A segunda "parte" deste todo que é Porcelain Pavilion inicia-se com uma peça sugestivamente intitulada "Creative Work", retomando a viagem musical em que Genady nos conduz por diferentes espaços e tempos, num contínuo de paisagens sonoras de variadíssimos lugares e eras, de tirar o fôlego ao viajante mais experiente. As evocações da música clássica que o compositor tão bem conhecerá repetem-se aqui: se, por exemplo, na primeira parte, o ambiente do "Quebra-Nozes" de Tchaikovsky era perfeitamente recriado, agora cabe a vez, por exemplo, aos períodos barroco e impressionista - a citação do "Bolero" de Ravel é inequívoca. A essas evocações associam-se outras de origem popular, russa ou oriental. A formação de Gennady em composição permite-lhe até "justapor de forma intricada" ritmos tão variados como a valsa vienense ou a salsa tropical, criando igualmente uma complexa sequência de harmonias apenas ao alcance dos grandes criadores da música erudita.

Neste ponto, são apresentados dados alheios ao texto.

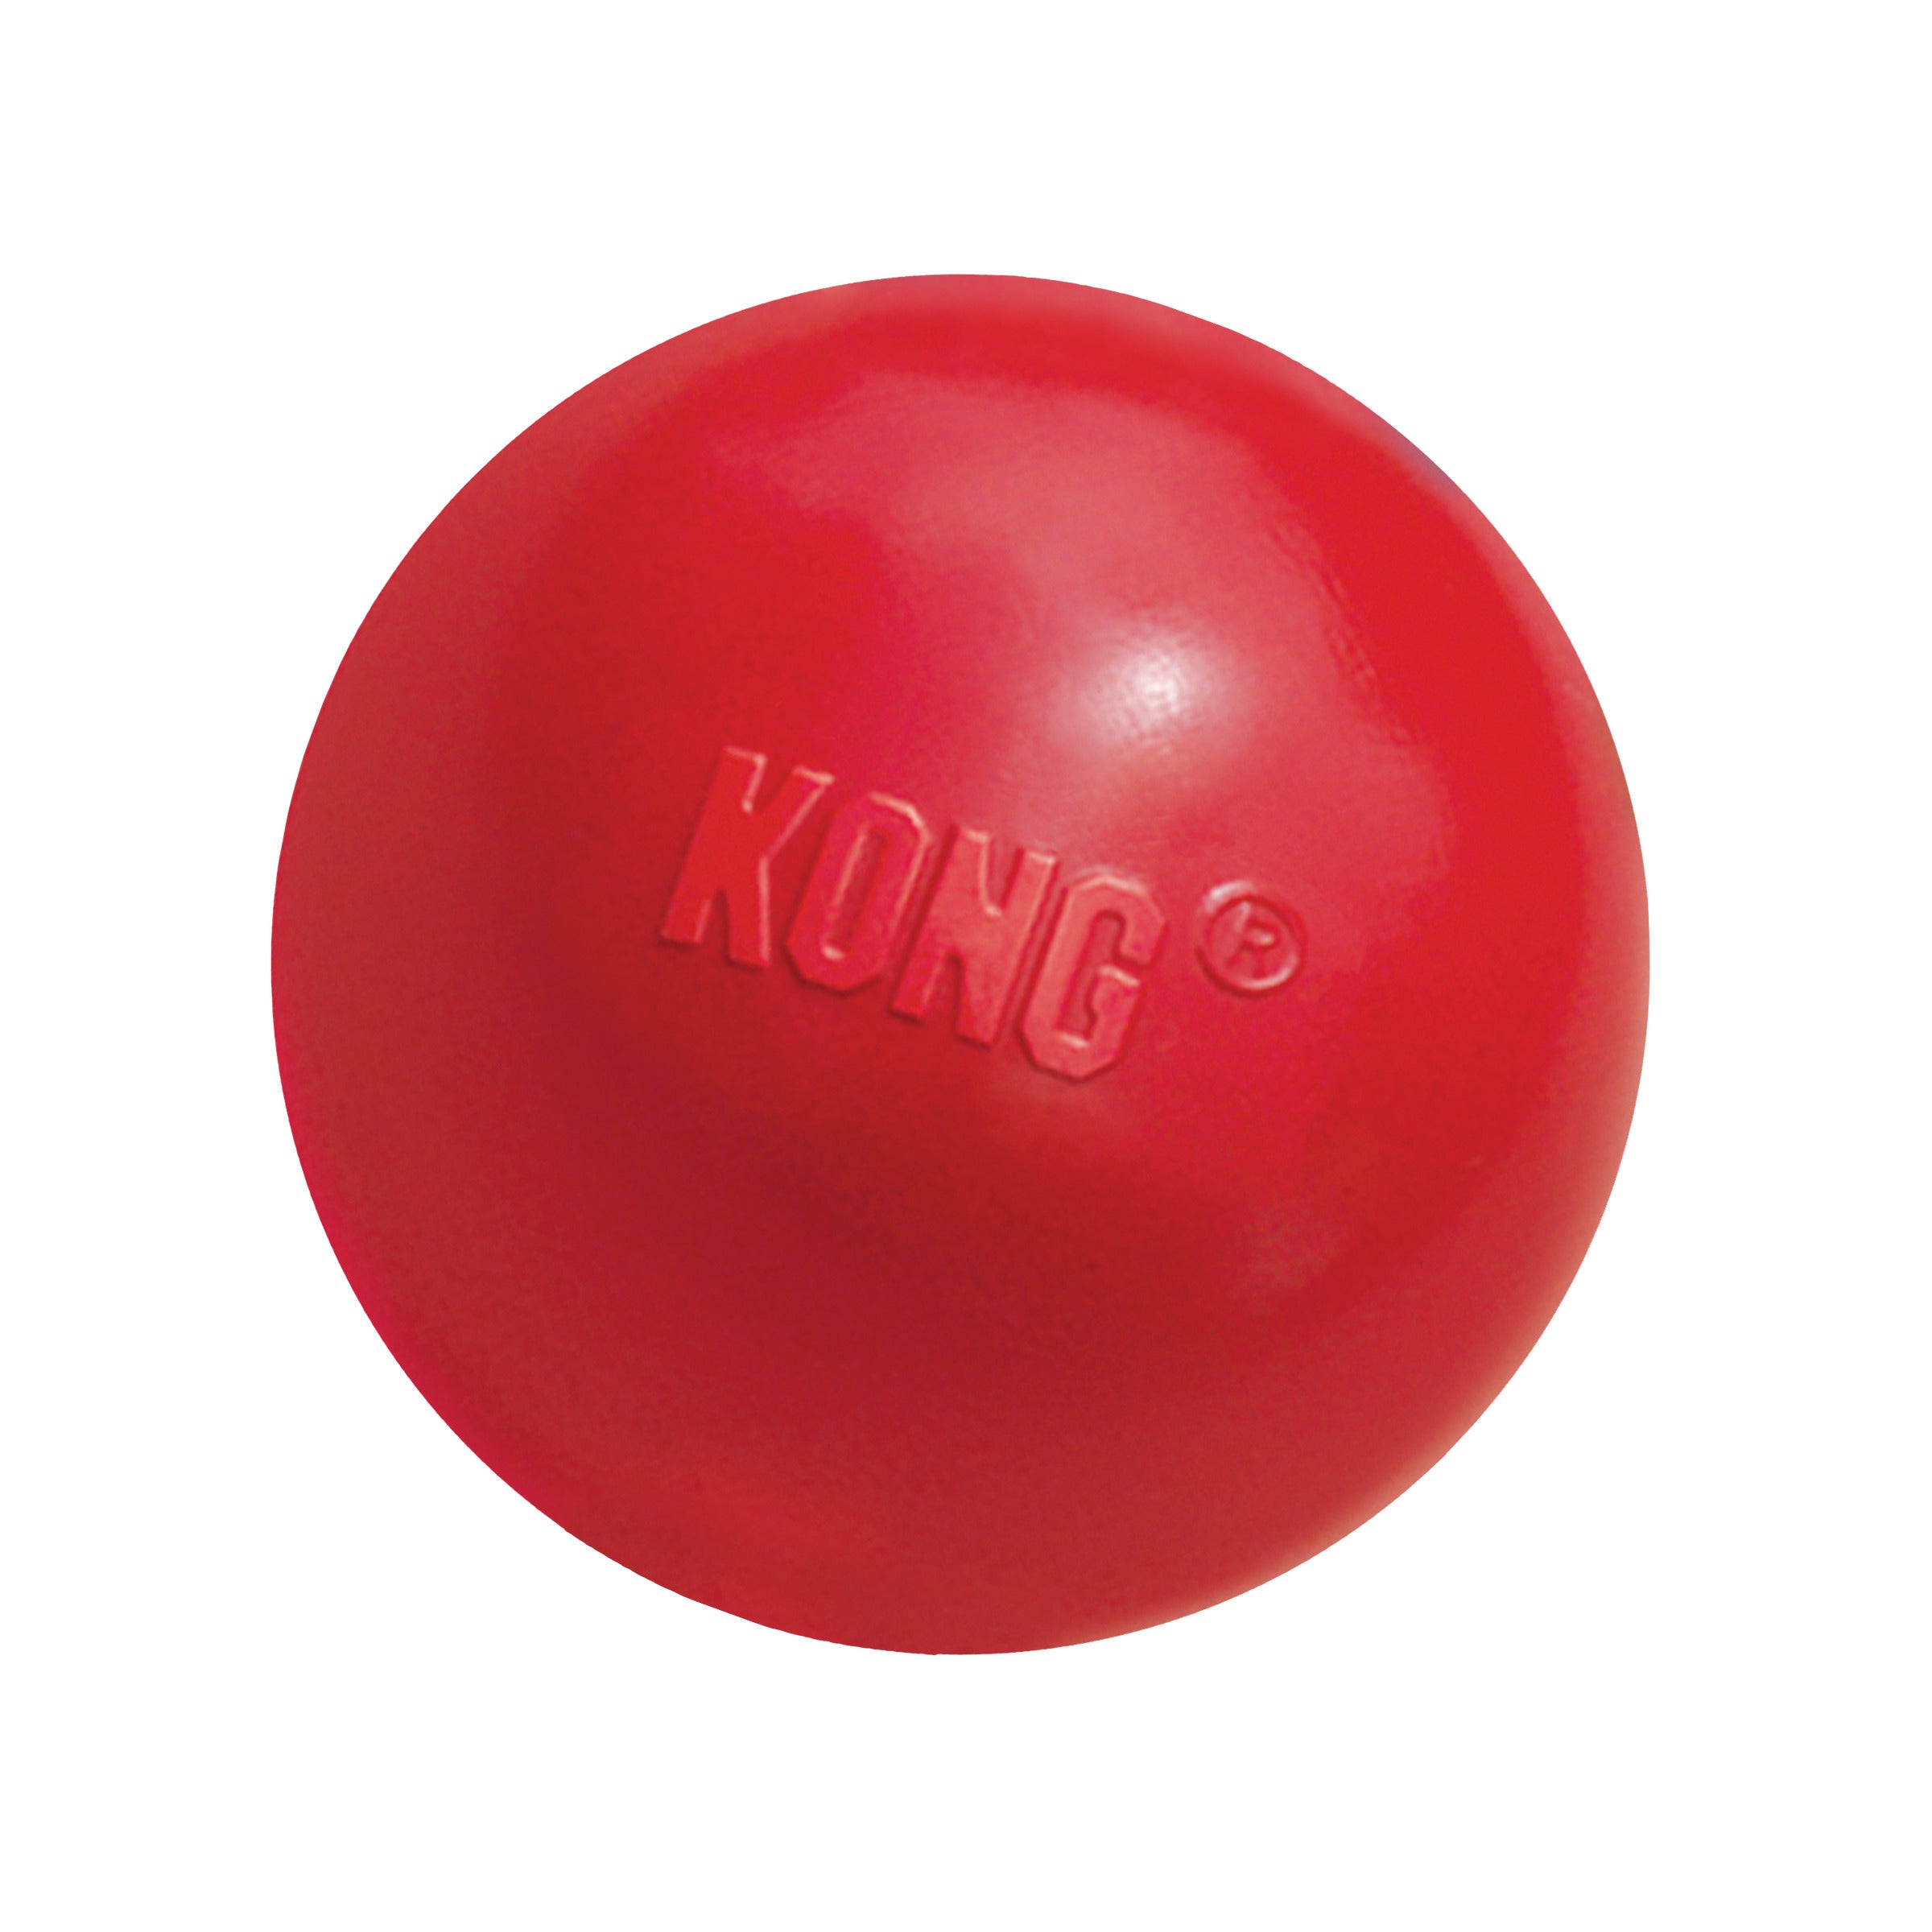 Kong Ball - Pelota Kong Clásica con Agujero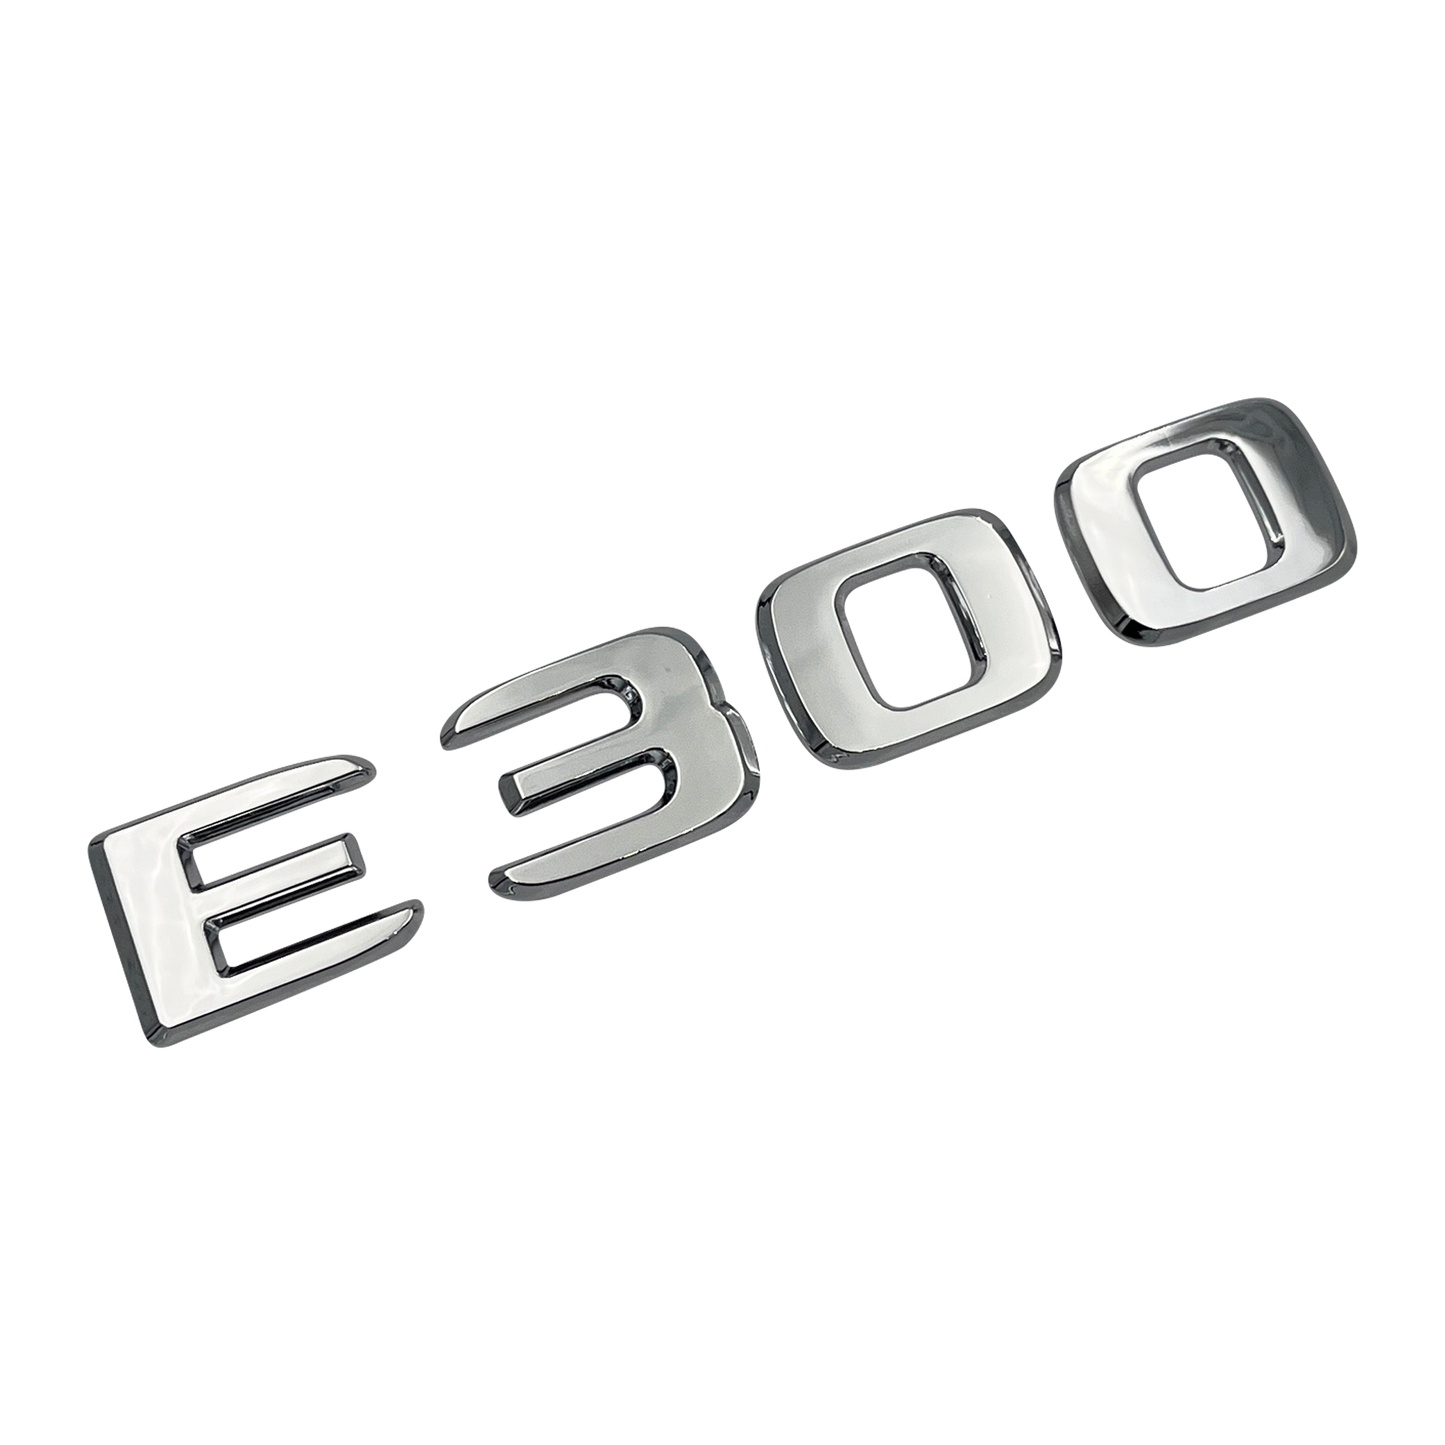 Chrome Mercedes E300 Emblem

Essa complexidade é suportada por uma técnica de sobreposição de diferentes camadas de teclados - piano, sintetizadores, órgão Hammond, cravo e piano eléctrico -, que dão grande espessura ao som. A riqueza tímbrica não se fica por aqui e é possível ouvir, para além das discretas guitarras de Mikhel - apenas se destacam na peça "In the Heavens" -, oboé, flautas, glockenspiel e timbales, tocados por músicos não creditados, ou pelo próprio compositor através de "samples" de elevada qualidade.

Enquanto executante, a capacidade de Gennady, é igualmente espantosa, revelando-se um verdadeiro virtuoso, ao nível de Rick Wakeman, Keith Emerson, Pär Lindh ou Csaba Vedres. Domina com uma facilidade surpreendente a técnica dos diferentes teclados, mas transcendendo-se no Moog de onde retira sons admiráveis. Mas todo este virtuosismo é colocado ao serviço da sua criativa escrita musical, nunca a ela se sobrepondo.

Para concluir: este disco, se bem que evoque estilos e épocas variadas, revela, através de uma linguagem progressiva, uma obra de síntese muito original. Em termos de criatividade, a sua riqueza é tão grande, que qualquer produtor, menos escrupuloso e ligado a uma multinacional discográfica, encontrava aqui ideias musicais suficientes para produzir não um, mas uma dezena de álbuns diferentes. Um trabalho absolutamente recomendável.